Are you fostering the spirit of that amazing woman you fell for? Or did you put her back up on the shelf like your favorite book with all of it’s secrets long revealed?

I’ll let you in on a secret. The book you read X amount of years ago, is not the same book you picked up originally. Women are amazing creatures. Adaptable and ever evolving. Often times men will become baffled and say, “This isn’t the woman I married!”

You’re right.

I can safely say that I have been at least 7 different women within the past two decades. Not in a multiple personality type of way. Ask your wife how many different women she thinks she’s been throughout her life. I bet she’ll understand what I mean.

A teenager with an unstable home will behave differently than a young twenties woman relying on herself. A young twenties woman with no children will be different than a late twenties woman who must now accommodate two children into her world. The changes continue and, if we’re being honest, a lot of weight falls onto the woman to do exactly what confuses you. Change.

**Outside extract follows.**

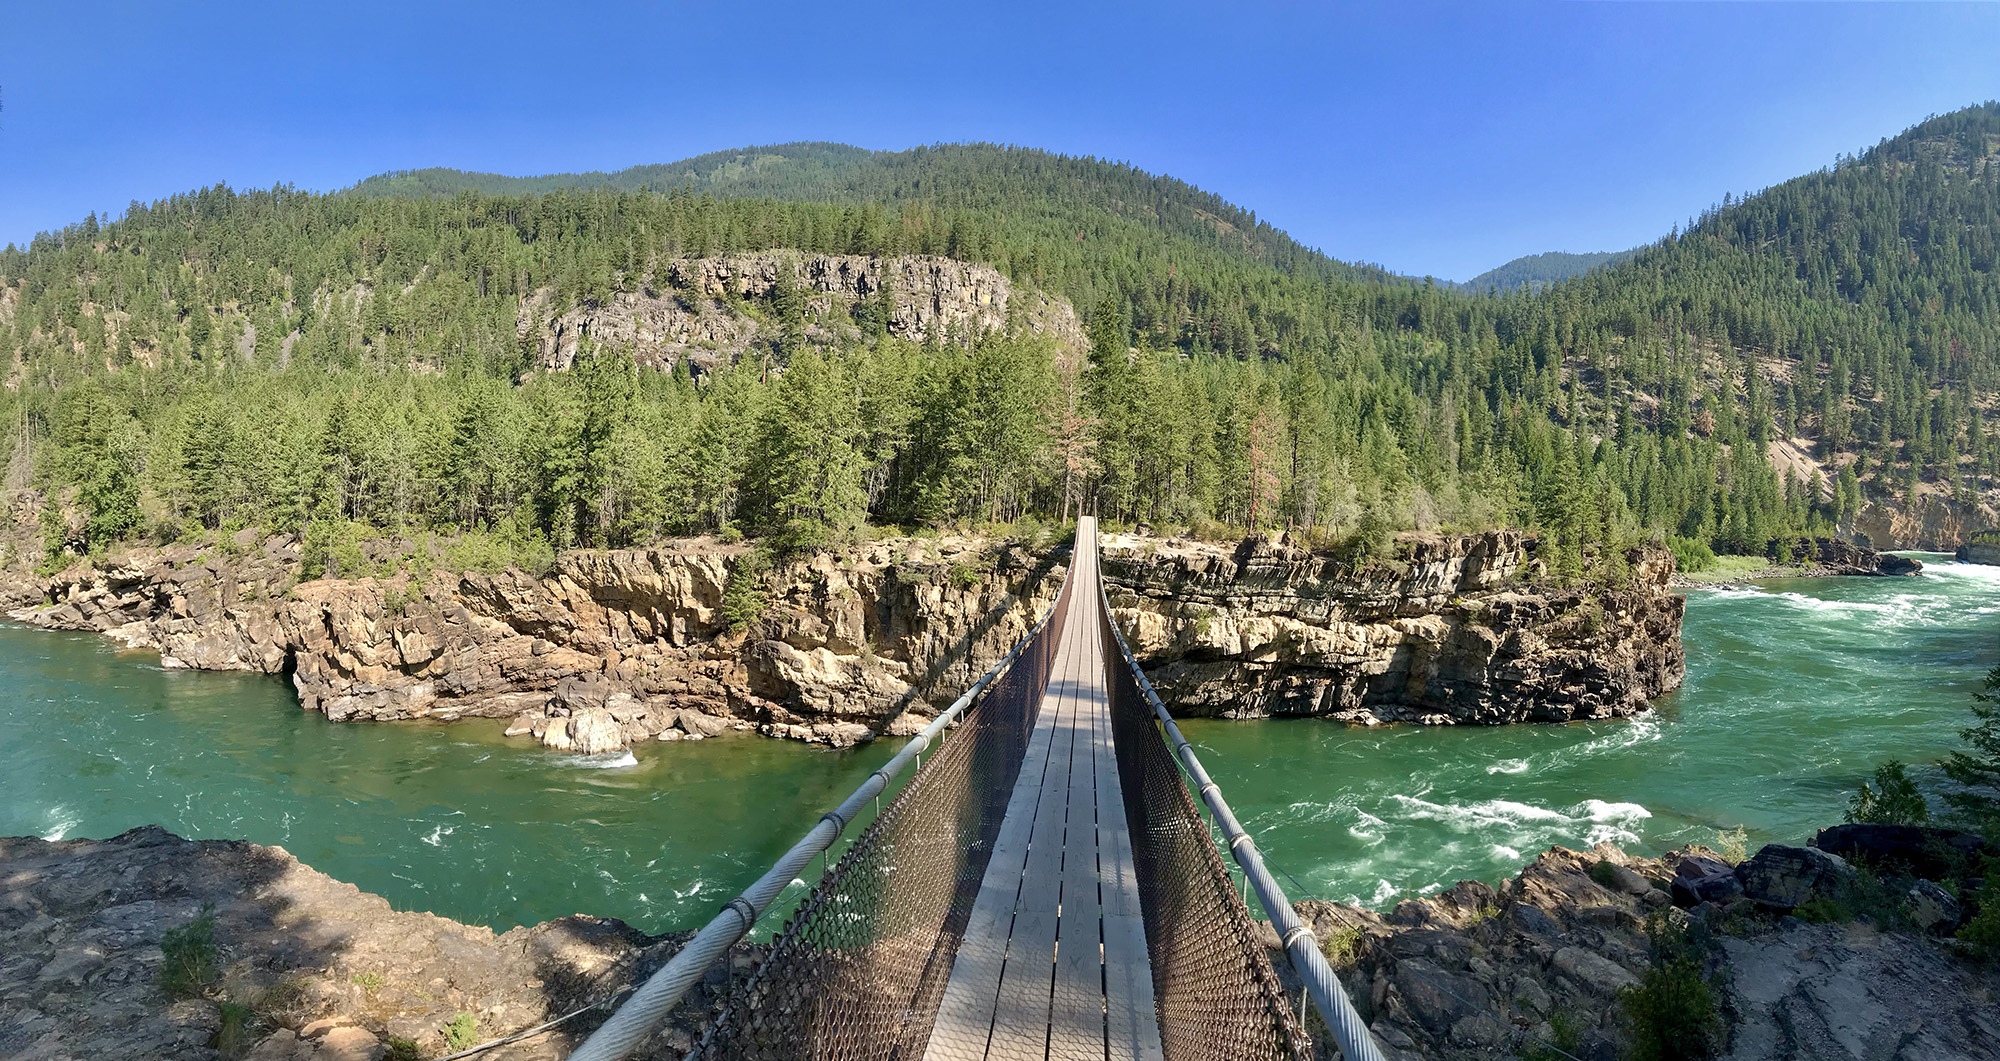 A swinging bridge stretches across a deep river gorge. 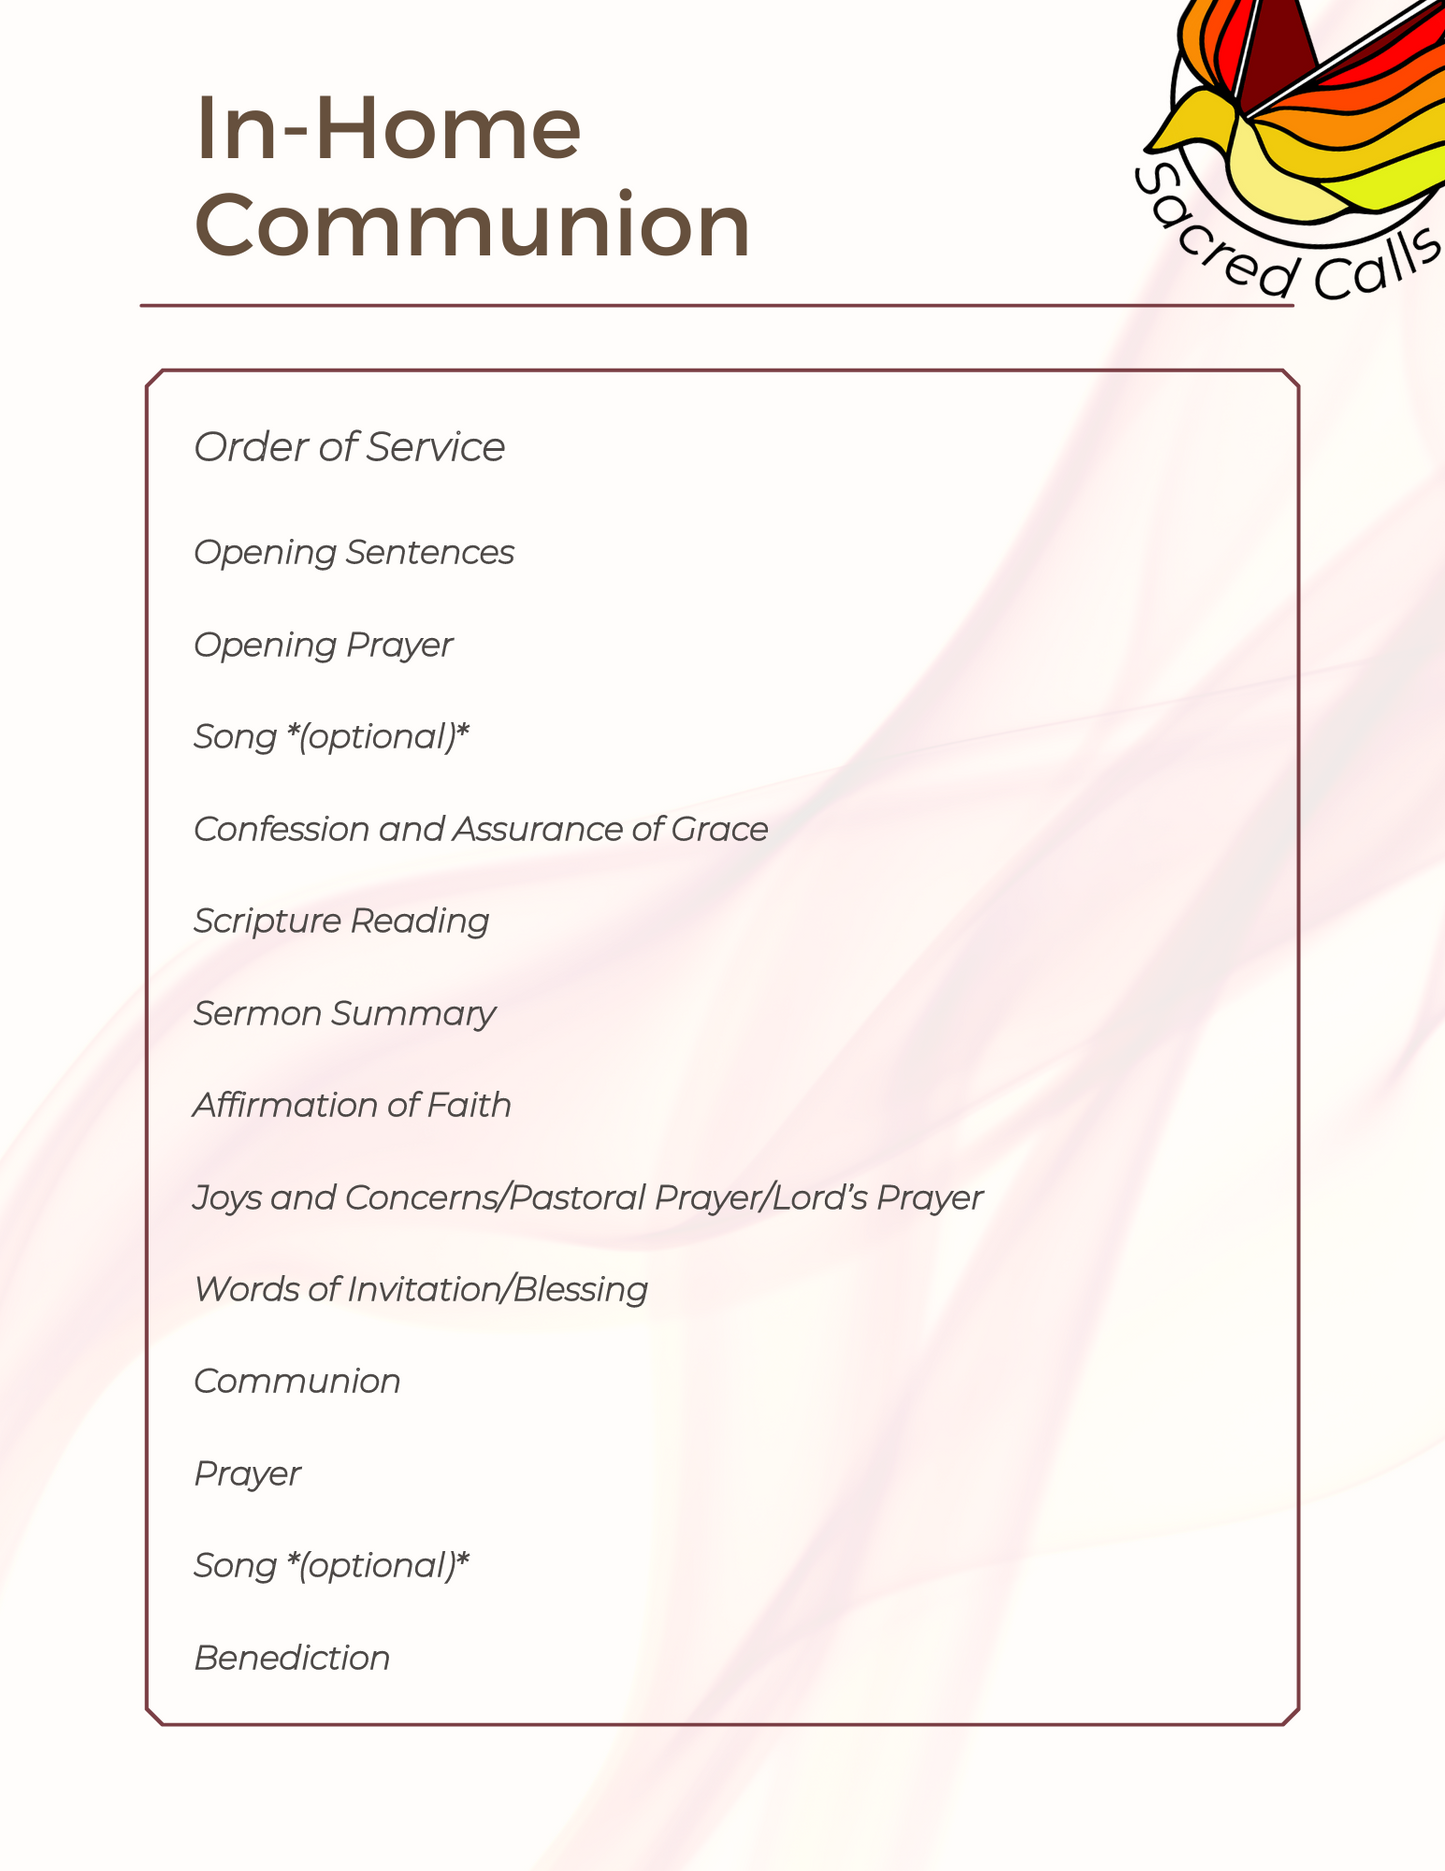 In-Home Communion Guide

We change to accommodate our surroundings. If those adjustments are not celebrated and appreciated, a resentment may stir and we may just find your presence unnecessary in the next ‘change’.

My point is, you will never know her to a point of completion. If her personality hasn’t changed, her circumstances have. Her relationships have. Her interests have. It’s time to get obsessive about your wife again. Make sure that she knows that you still want to know her at every stage of life. Start talking or start walking.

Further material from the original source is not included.